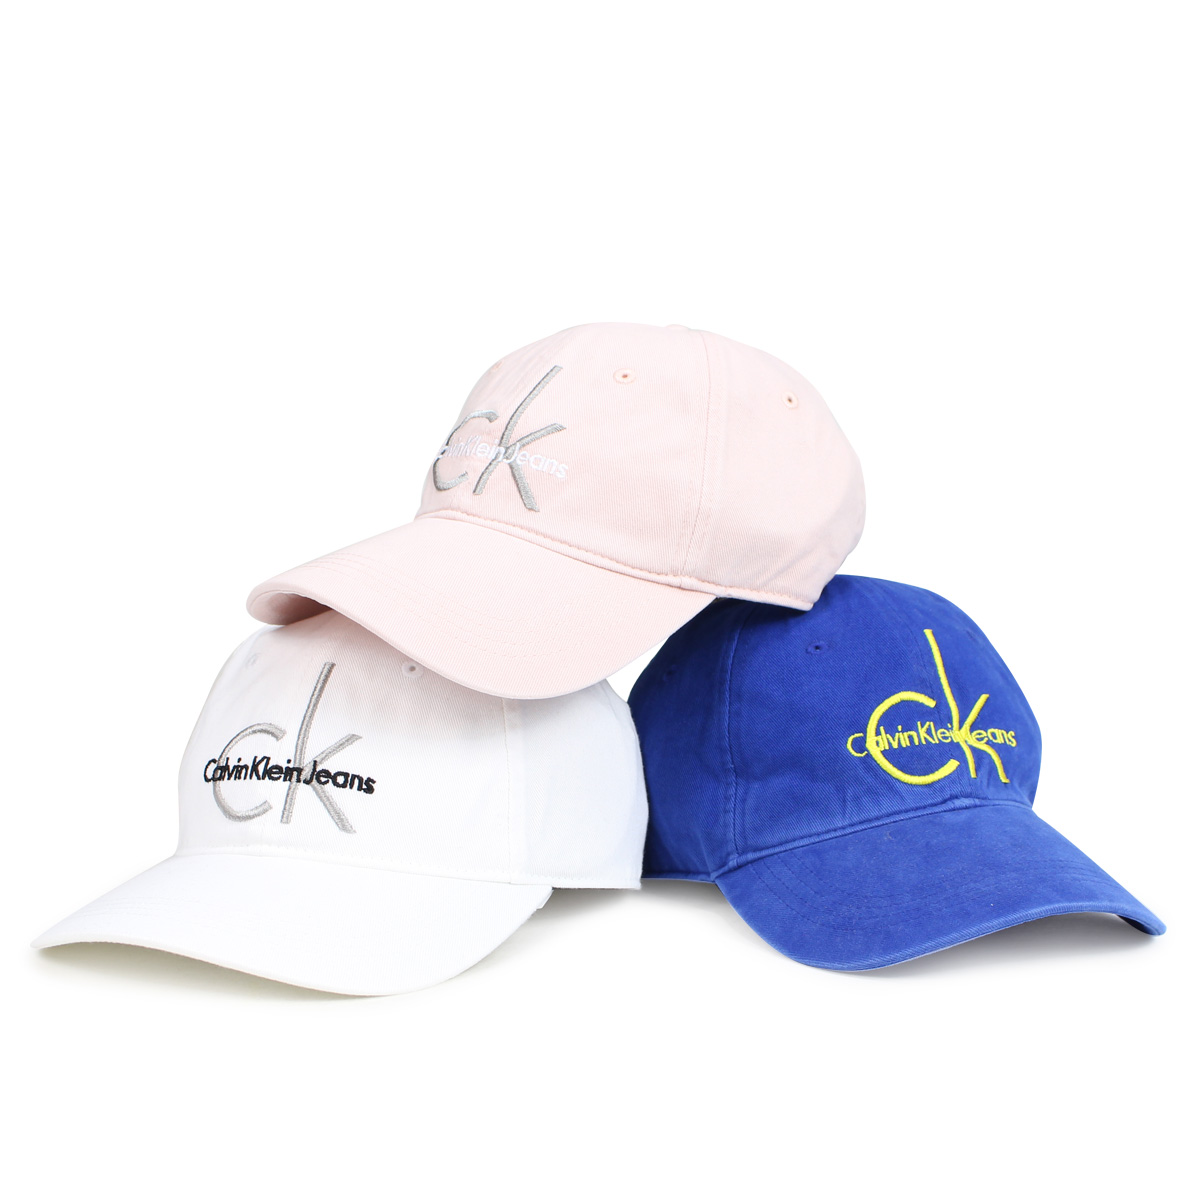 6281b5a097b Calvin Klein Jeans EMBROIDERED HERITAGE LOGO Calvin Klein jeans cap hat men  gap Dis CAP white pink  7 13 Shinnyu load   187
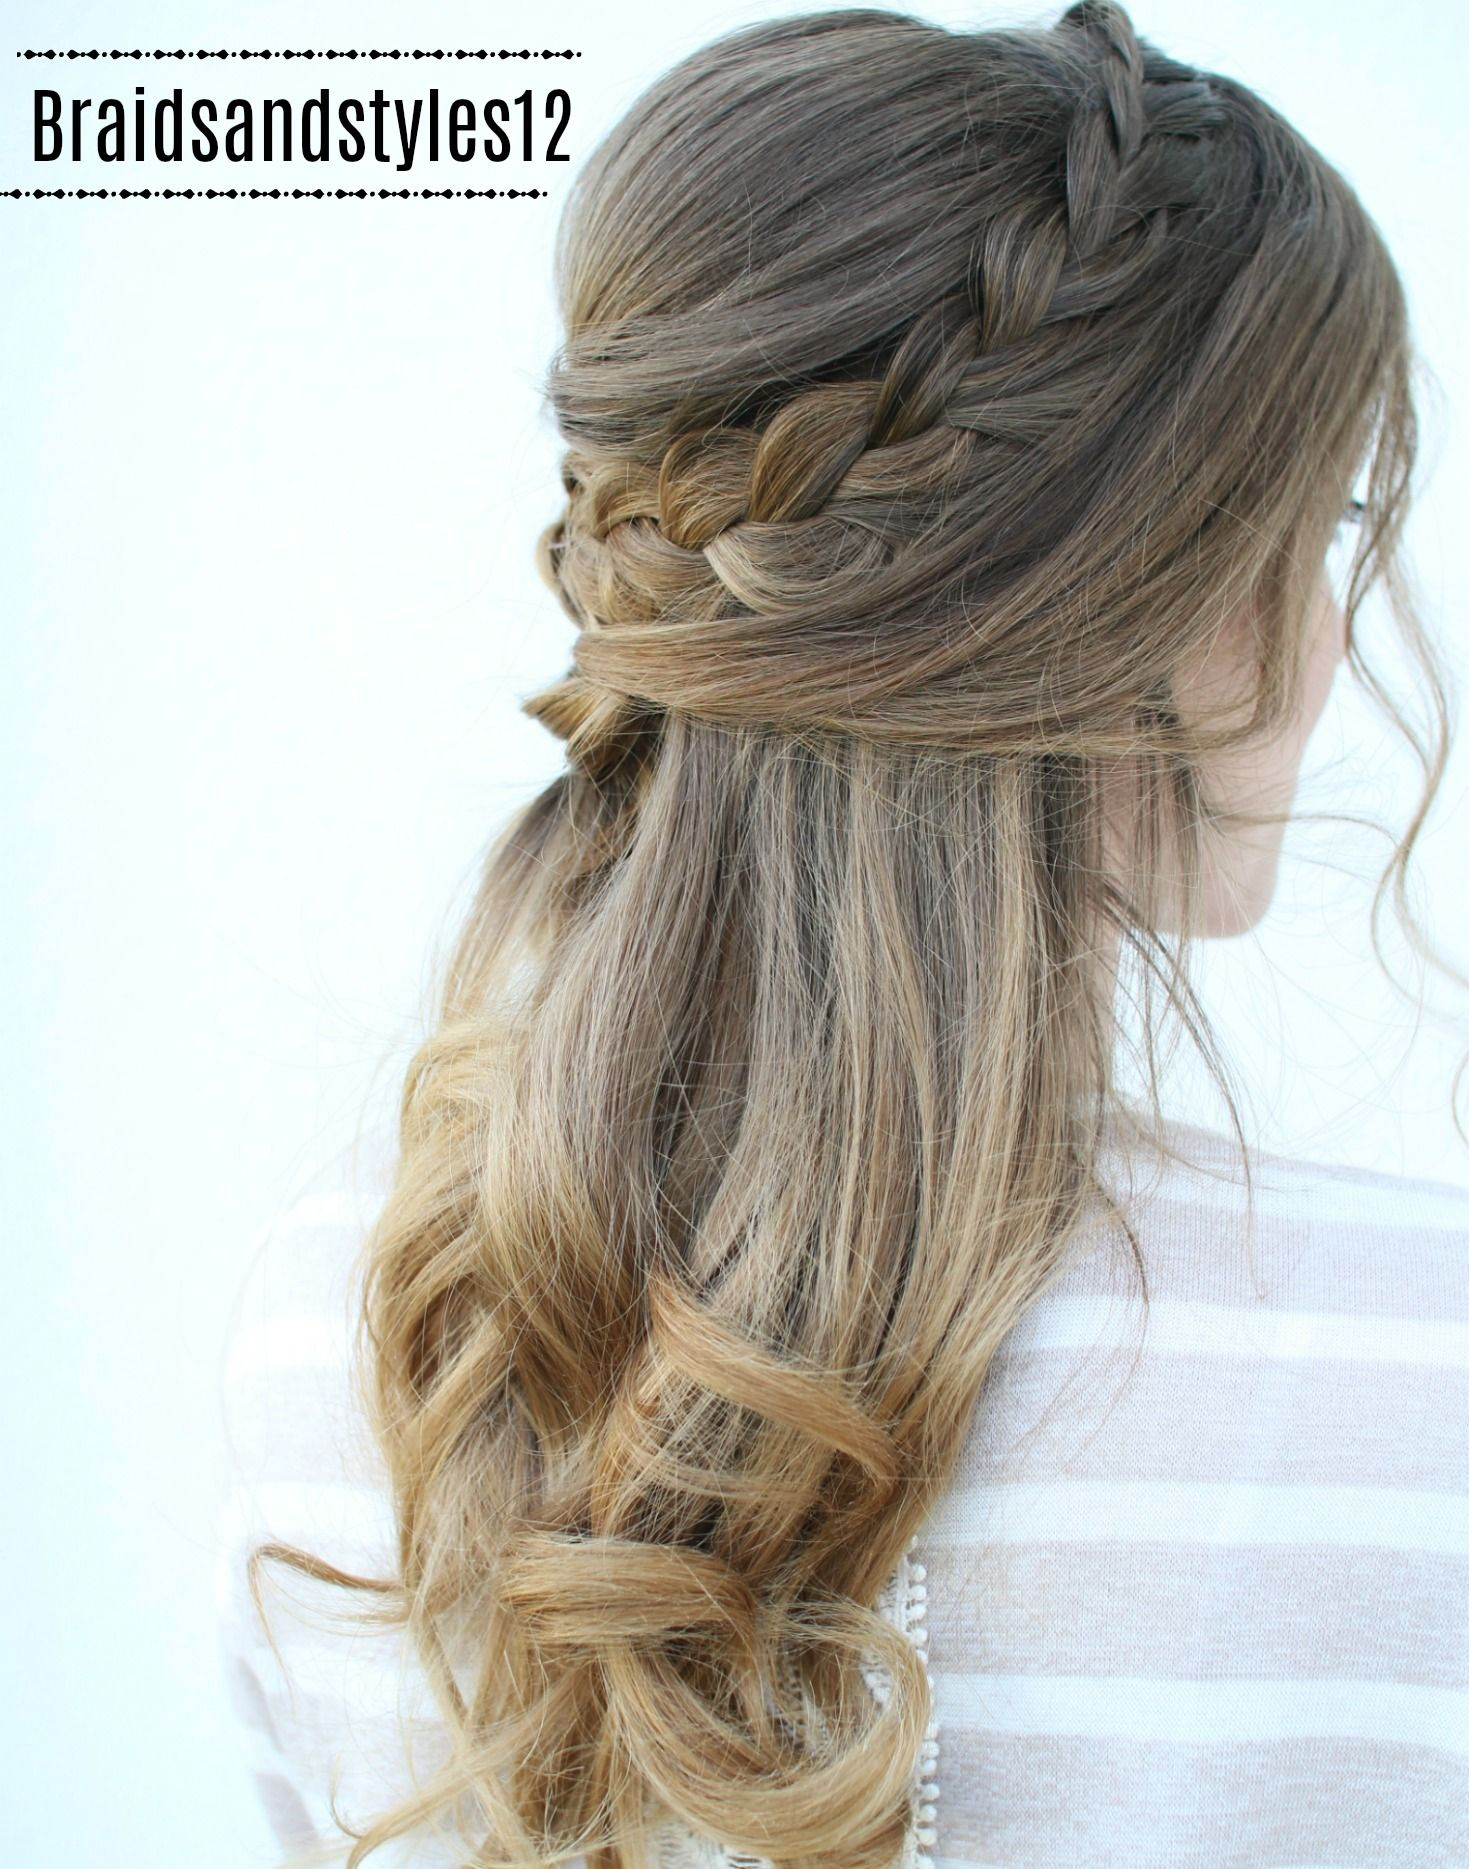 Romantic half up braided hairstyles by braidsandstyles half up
--
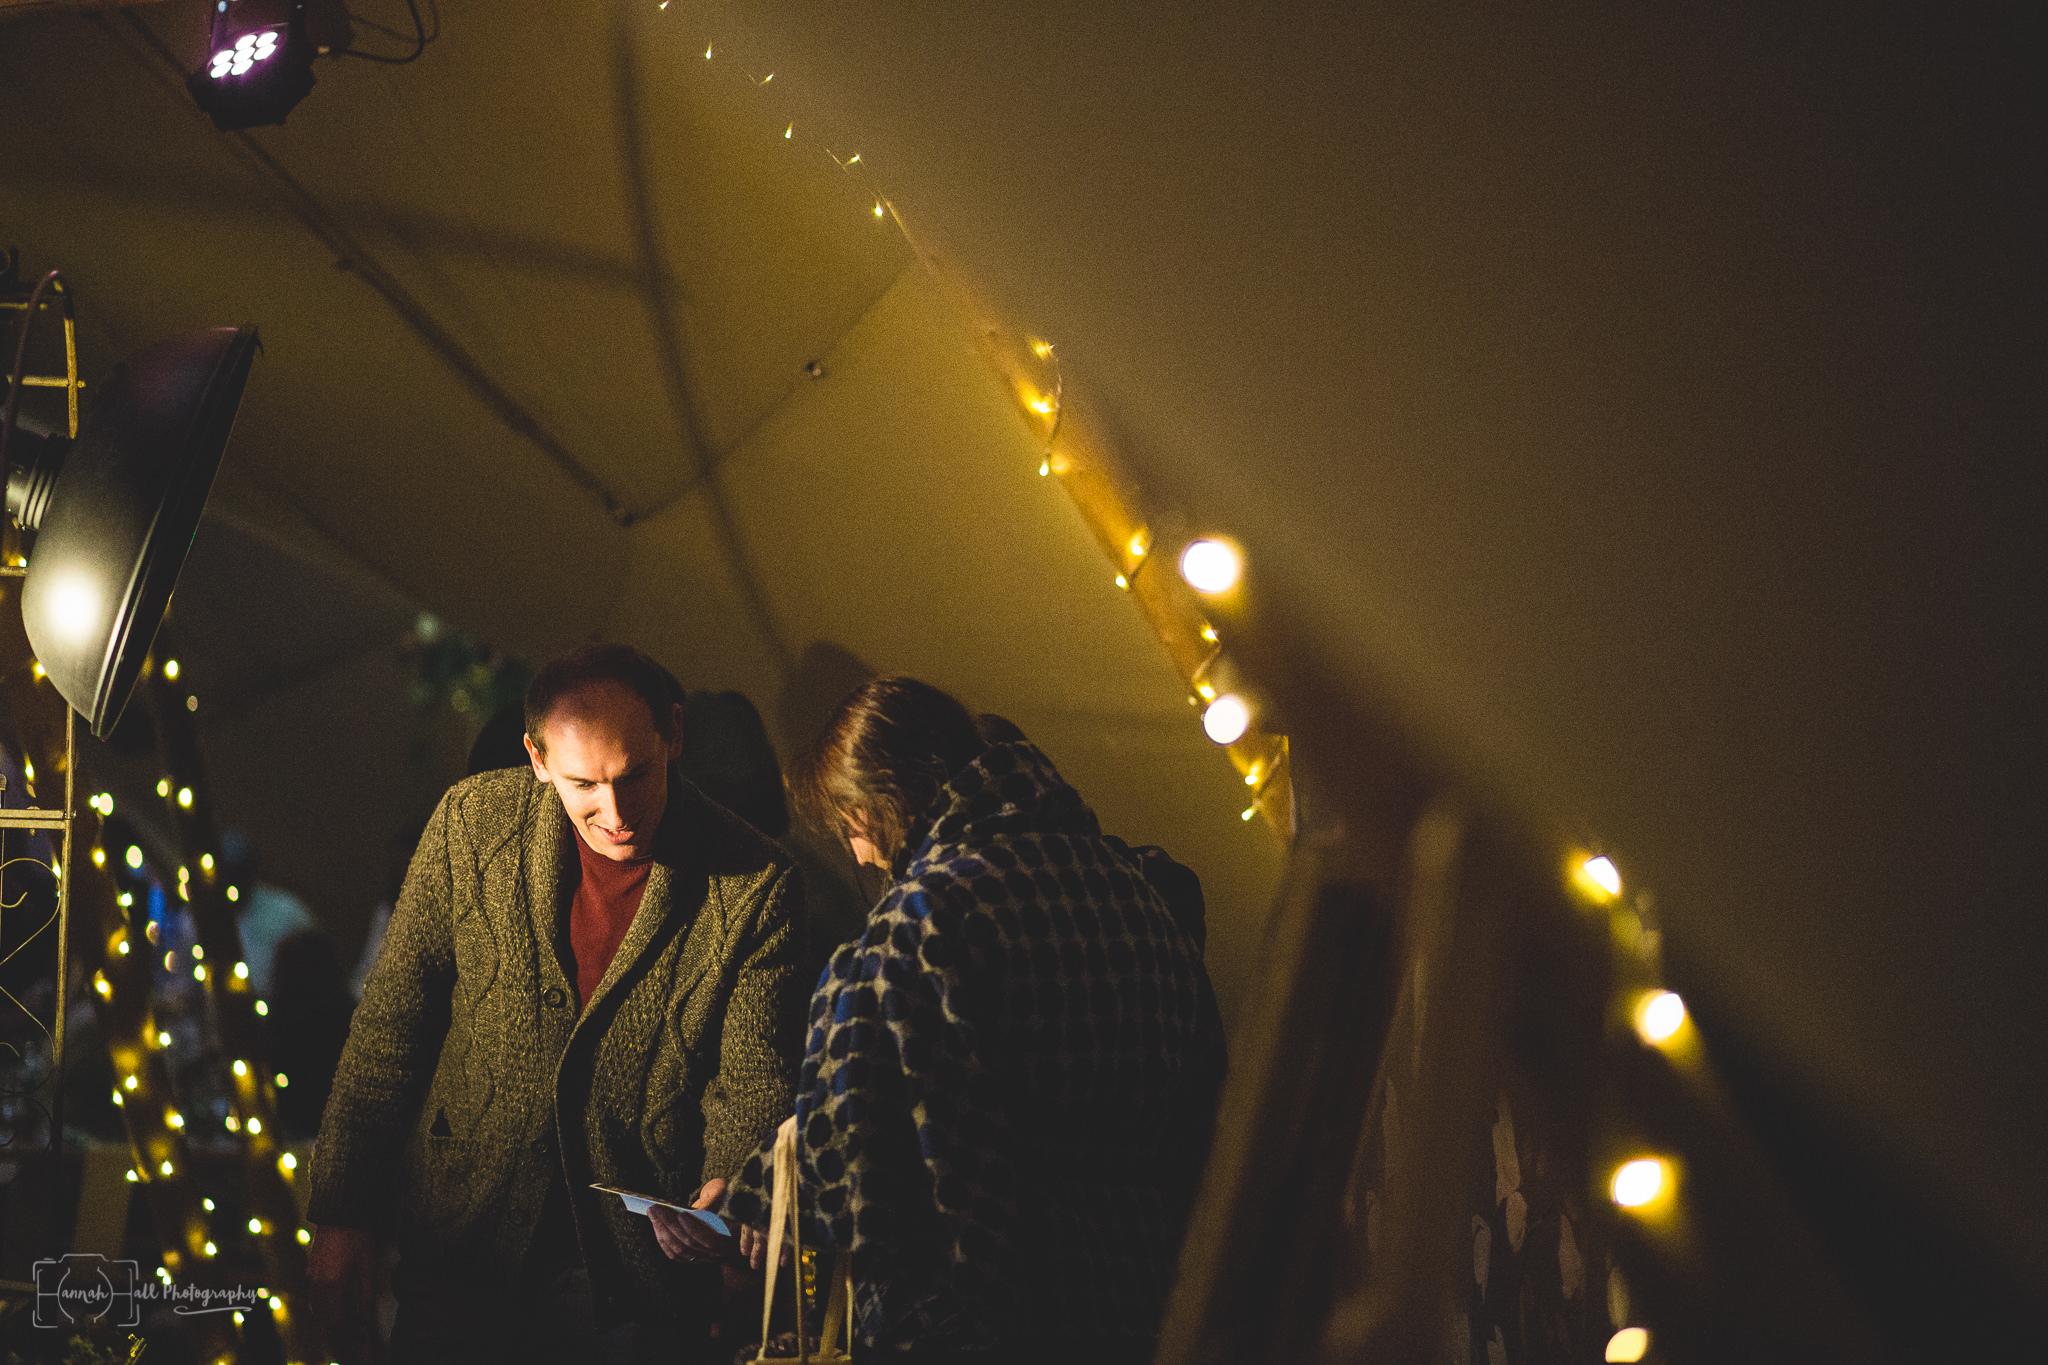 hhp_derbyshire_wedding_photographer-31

Task directions: Find where the line with "6281b5a097b Calvin Klein" sits in the material above and where the line with "Romantic half up" sits. Set down exactly the lines from the first to the second, both included and nothing else, without pictures.

Completed task:
 6281b5a097b Calvin Klein Jeans EMBROIDERED HERITAGE LOGO Calvin Klein jeans cap hat men  gap Dis CAP white pink  7 13 Shinnyu load   187
 Romantic half up braided hairstyles by braidsandstyles half up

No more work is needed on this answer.